(Légende)
L’étoile filait doucement sous le ciel bleu, laissant derrière elle une longue traînée d’or, et les trois rois qui avaient quitté leur palais de marbre au bout du monde, la suivaient anxieusement à travers les monts, et les vallées.
Les pages portaient des présents magnifiques : l’or, l’encens et la myrrhe, et des coffrets d’argent ciselé, destinés à l’Enfant-Roi.
« Le cimeterre au clair ou la lance sur l’épaule, dit un auteur, leurs gardes les accompagnaient, et derrière chacun d’eux, comme figés dans leurs armures étincelantes, marchaient trois écuyers, l’un portant l’étendard du maître, l’autre son sceptre et le troisième sa couronne, sur laquelle, par instants, les ors et les diamants luisaient comme d’étranges lucioles. »

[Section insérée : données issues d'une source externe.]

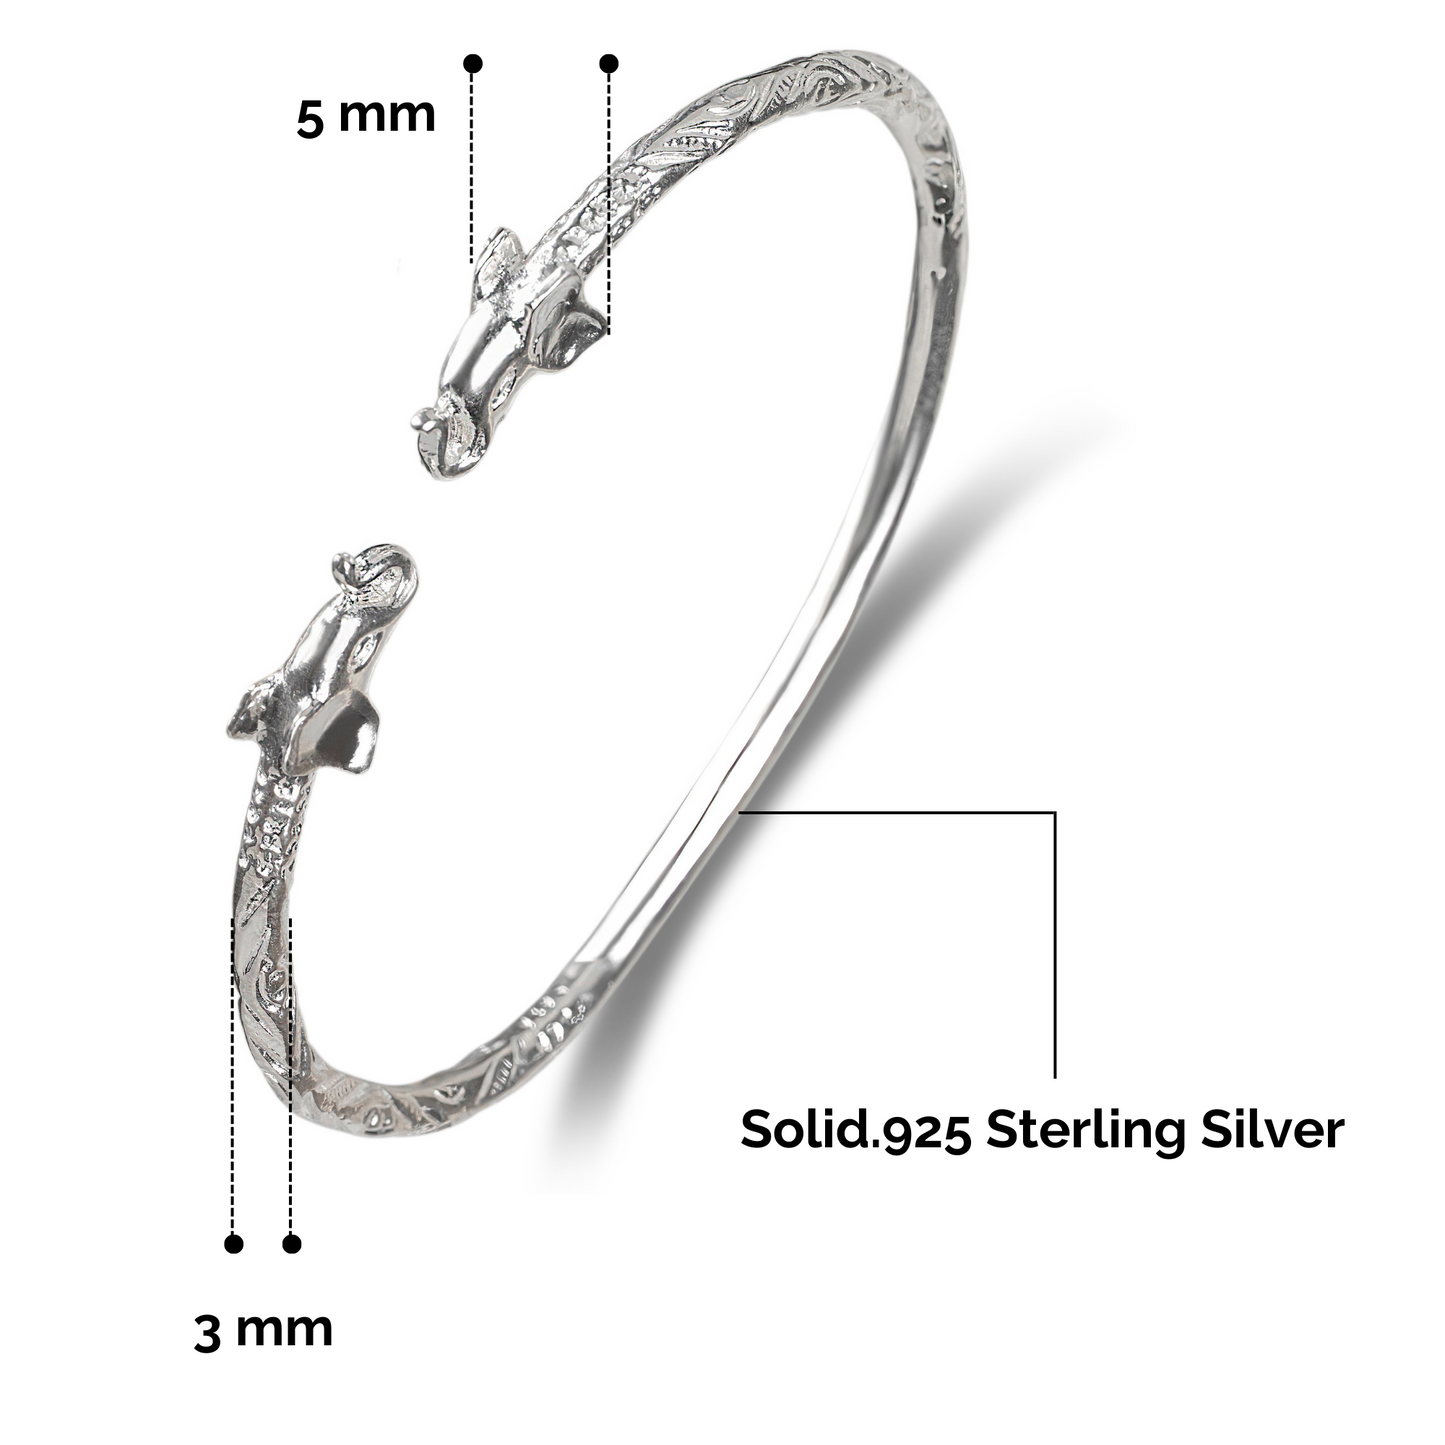 Better Jewelry Elephant .925 Sterling Silver West Indian Bangle, 1 piece
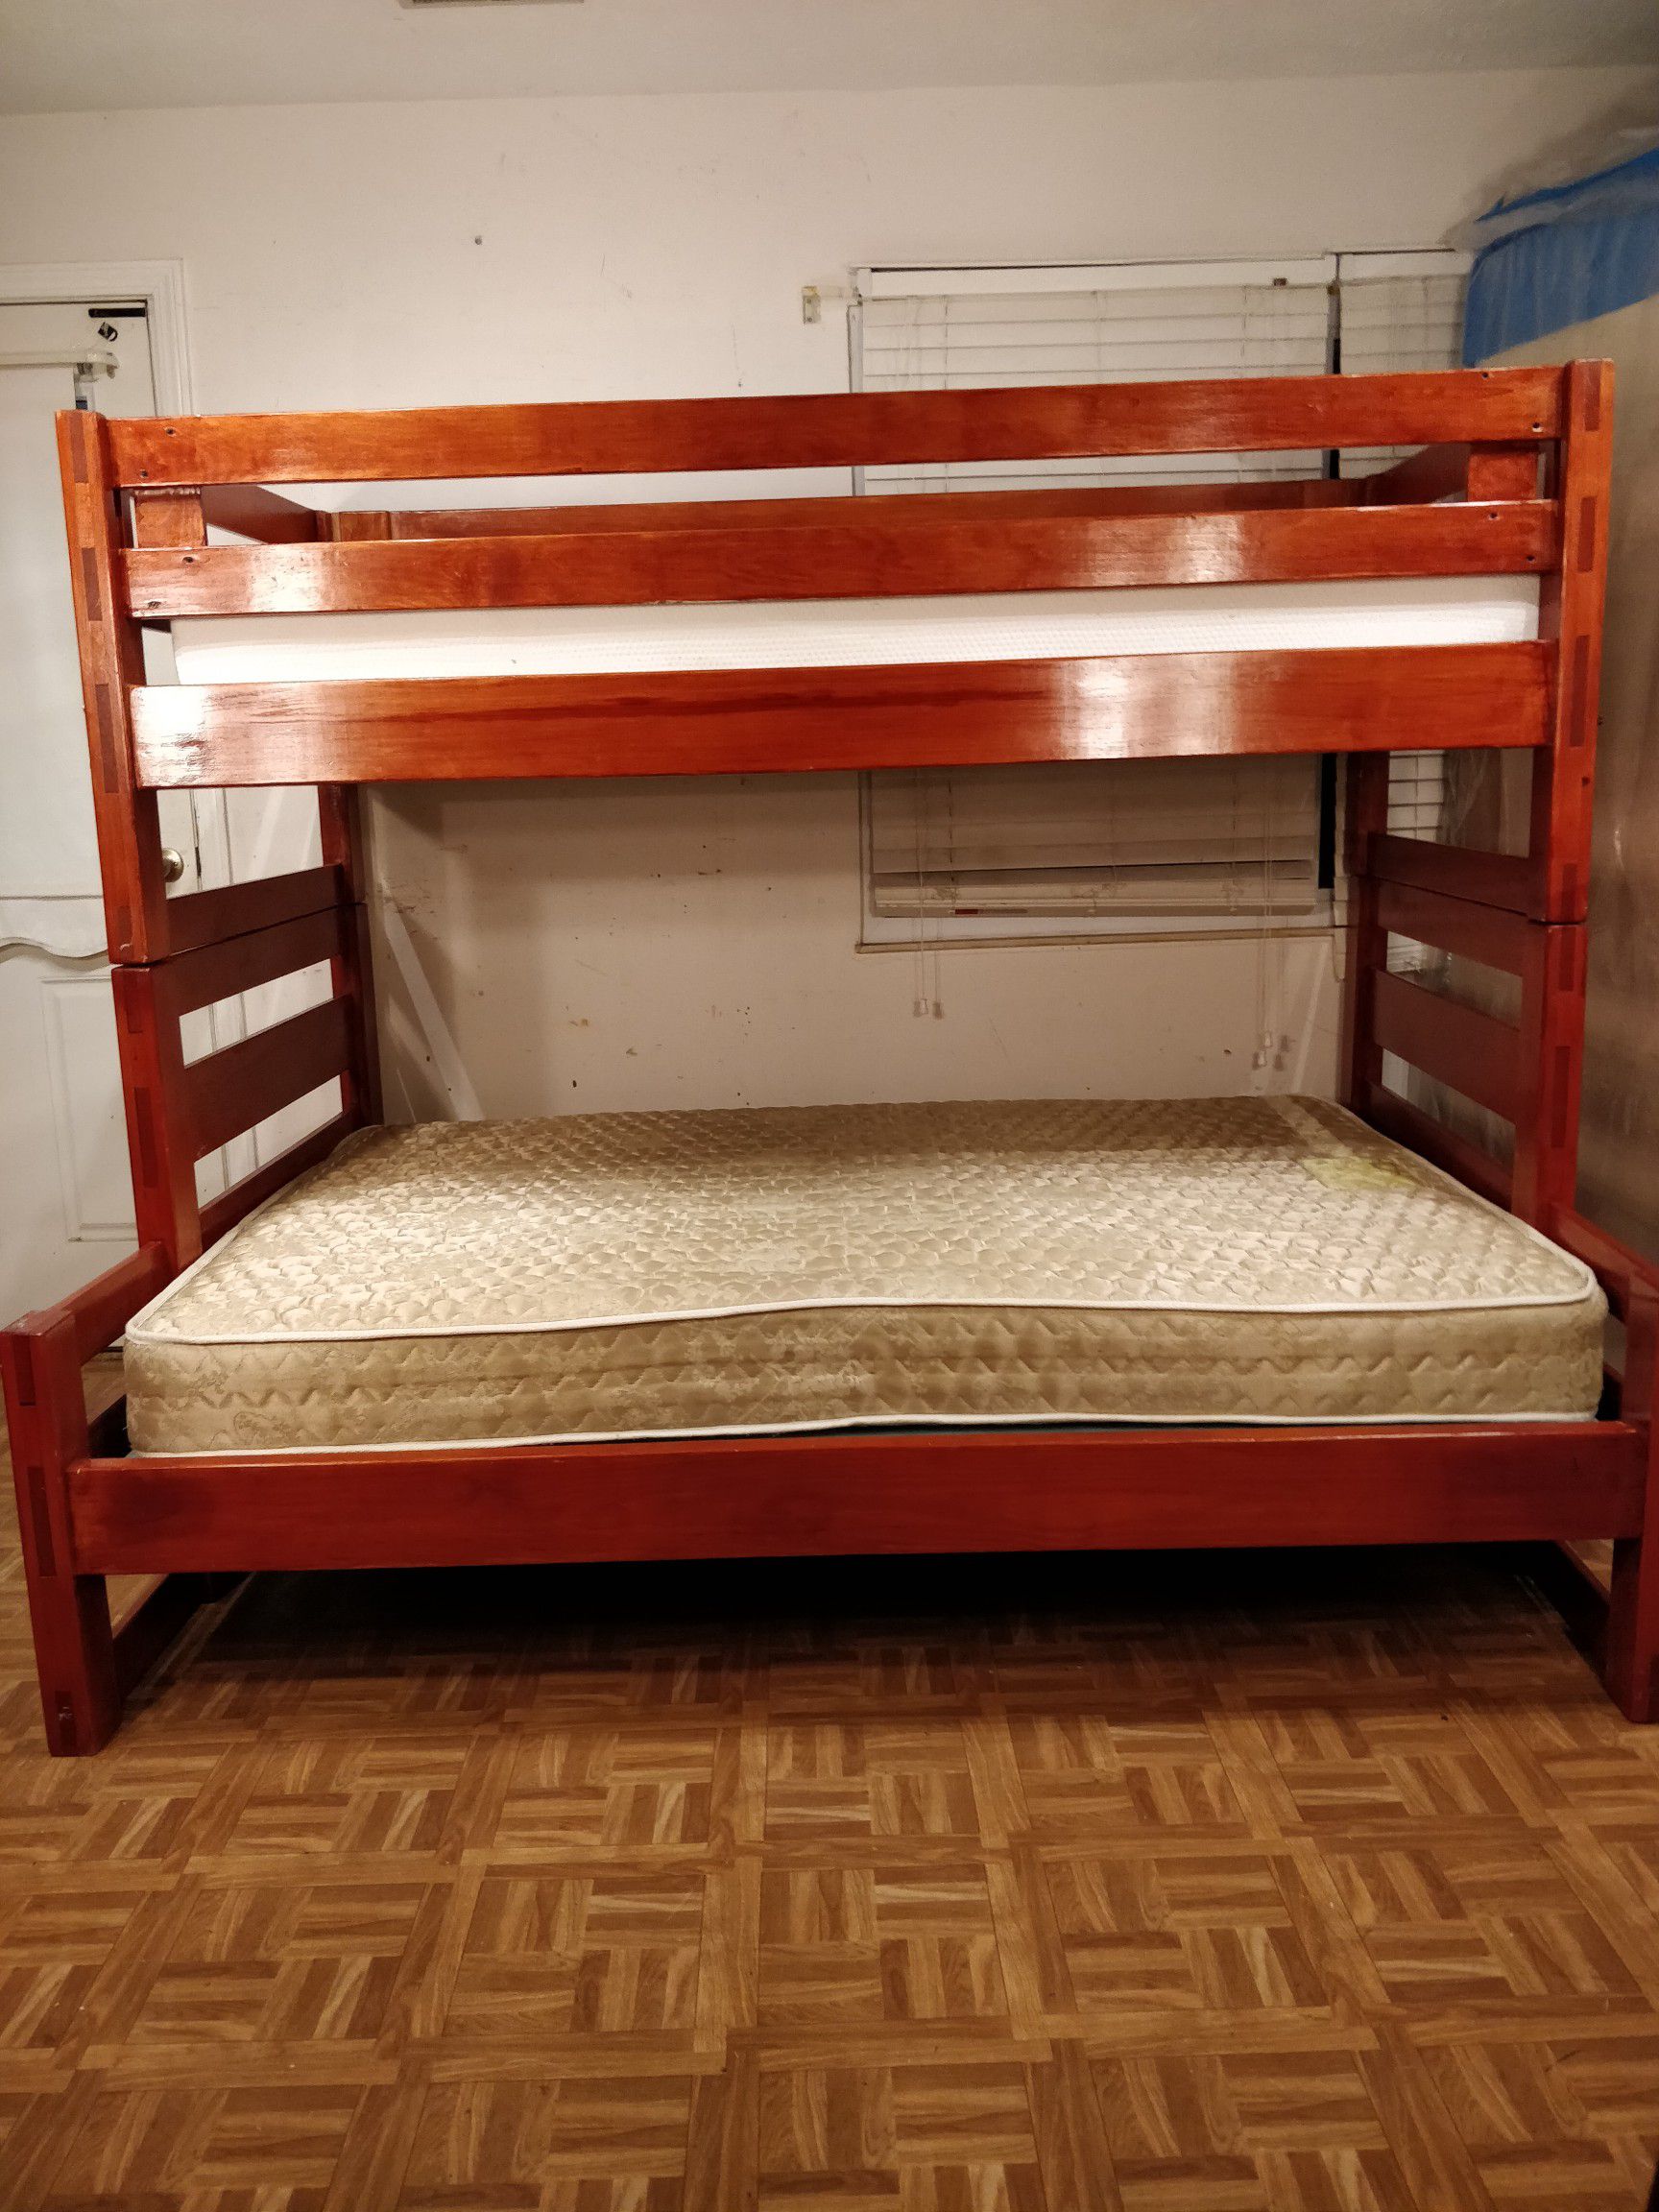 Solid wood Bunk bed with 2 mattresses in good condition, Driveway pickup.

À Jérusalem, l’étoile sans pareille s’éteignit et les trois rois crurent qu’ils étaient arrivés ; mais nul ne connaissait le nouveau Roi.
Quelle tristesse !
Hérode et les scribes, obligés de relire la prophétie de la naissance, leur dirent enfin :
« Allez à Bethléem ! Et lorsque vous l’aurez trouvé ajouta le farouche Hérode, annoncez-le moi, afin que, moi aussi, avec un cortège magnifique, j’aille l’adorer. »
Ils reprirent la route ; mais l’étoile, en les quittant, avait emporté toute leur joie, ils se demandaient anxieusement si l’indication d’Hérode était bonne, car ce vilain prince leur avait fait fort triste impression, et ils ne pouvaient croire qu’il pût être l’interprète du ciel.
« Essayons, avec notre seule sagesse, se dirent-ils, de faire quelque découverte utile ; laissons notre suite et allons seuls interroger en ce pays »
Ils ordonnèrent donc à leurs écuyers et valets de s’arrêter, et ils marchèrent seuls à l’aventure dans la campagne, enveloppés en de larges manteaux qui cachaient leur rang.
Se laissant aller à l’inspiration, ils s’écartèrent et s’égarèrent.
Le soir venu, ils cherchaient encore leur route. En vain, des yeux interrogeaient-ils l’horizon : ils ne voyaient poindre ni les casques, ni les lances de leurs gardes. En vain, ils appelaient : l’écho seul répondait à leurs voix. La plaine s’étendait devant eux, déserte et silencieuse. La nuit descendait dans le ciel où lentement, une à une, les étoiles s’allumaient comme des perles d’or, mais ils essayaient en vain de découvrir celle qui s’était levée là-bas en Orient, sur leurs palais de marbre, et qu’ils avaient suivie.
Ils restaient là, tous trois, inquiets, à la recherche d’une hutte ou d’un abri, si pauvre fût-il, où ils pourraient du moins attendre l’aurore.
Mais ils n’apercevaient aucune lumière ; aucune fumée ne montait ; pas une clochette ne sonnait dans la plaine.
Tout à coup, le roi Balthazar prêta l’oreille :
— N’entendez-vous rien ? demanda-t-il aux autres.
Melchior et Gaspard écoutèrent à leur tour :
— Ne serait-ce pas plutôt, fit le premier, le vent qui fait bruire les branches ou les appels d’un rossignol perdu que l’écho apporte jusqu’à nous ?
Mais Gaspard montrait la route : « Avançons toujours ! dit-il. Murmure du vent ou chanson de rossignol, le bruit nous guidera. »
Et, à mesure qu’ils avançaient, le bruit devenait plus distinct. C’était maintenant comme un refrain joyeux qui montait dans l’air, troublant seul le grand silence de la nuit, et, sous les arbres, là-bas, très loin, une lueur brillait, un peu de fumée blanche montait dans le ciel.